Продолжение после рекламы:
В школу я не ходил больше недели. Через несколько дней к нам зашёл учитель и принёс готовую фотографию. Бабушка, как и остальные жители нашего села, относилась к учителям очень уважительно. Они ко всем были одинаково вежливы, даже к ссыльным, и всегда готовы были помочь. Даже Левонтия, «лиходея из лиходеев», наш учитель смог утихомирить. Помогали им деревенские, как могли: кто за дитём посмотрит, кто горшок молока в избе оставит, кто воз дров привезёт. На деревенских свадьбах учителя были самыми почётными гостями.
Работать они начинали в «доме с угарными печами». В школе не было даже парт, не говоря уже о книжках с тетрадками. Дом, в котором разместилась школа, срубил ещё мой прадед. Я там родился и смутно помню и прадеда, и домашнюю обстановку. Вскоре после моего рождения родители отселились в зимовье с протекающей крышей, а ещё через некоторое время прадеда раскулачили.
Раскулаченных тогда выгоняли прямо на улицу, но родня не давала им погибнуть. «Незаметно» бездомные семьи распределялись по чужим домам.
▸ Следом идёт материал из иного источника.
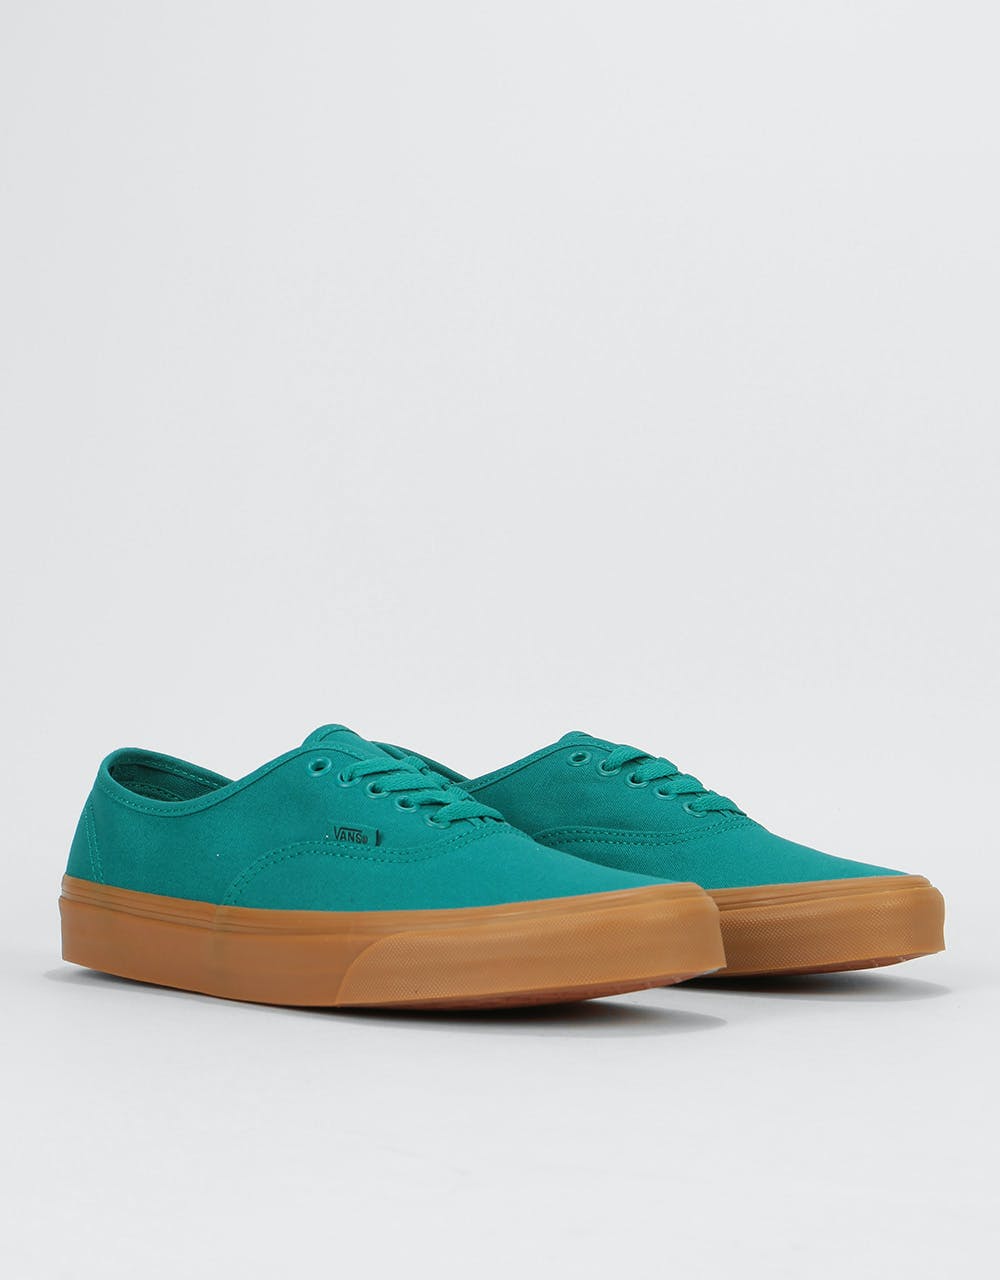 Vans Authentic Skate Shoes - Quetzal Green/Gum

Нижний конец нашего села был полон пустых домов, оставшихся от раскулаченных и высланных семей. Их-то и занимали люди, выброшенные из родных жилищ накануне зимы. В этих временных пристанищах семьи не обживались — сидели на узлах и ждали повторного выселения. Остальные кулацкие дома занимали «новожители» — сельские тунеядцы. За какой-нибудь год они доводили справный дом до состояния хибары и переселялись в новый.
Из своих домов люди выселялись безропотно. Только один раз за моего прадеда заступился глухонемой Кирила. «Знавший только угрюмую рабскую покорность, к сопротивлению не готовый, уполномоченный не успел даже и о кобуре вспомнить. Кирила всмятку разнёс его голову» ржавым колуном. Кирилу выдали властям, а прадеда с семьёй выслали в Игарку, где он и умер в первую же зиму.
В моей родной избе сперва было правление колхоза, потом жили «новожители». То, что от них осталось, отдали под школу. Учителя организовали сбор вторсырья, и на вырученные деньги купили учебники, тетради, краски и карандаши, а сельские мужики бесплатно смастерили нам парты и лавки. Весной, когда тетради кончались, учителя вели нас в лес и рассказывали «про деревья, про цветки, про травы, про речки и про небо».
Уже много лет прошло, а я всё ещё помню лица моих учителей. Фамилию их я забыл, но осталось главное — слово «учитель». Фотография та тоже сохранилась. Я смотрю на неё с улыбкой, но никогда не насмехаюсь. «Деревенская фотография — своеобычная летопись нашего народа, настенная его история, а ещё не смешно и оттого, что фото сделано на фоне родового, разорённого гнезда».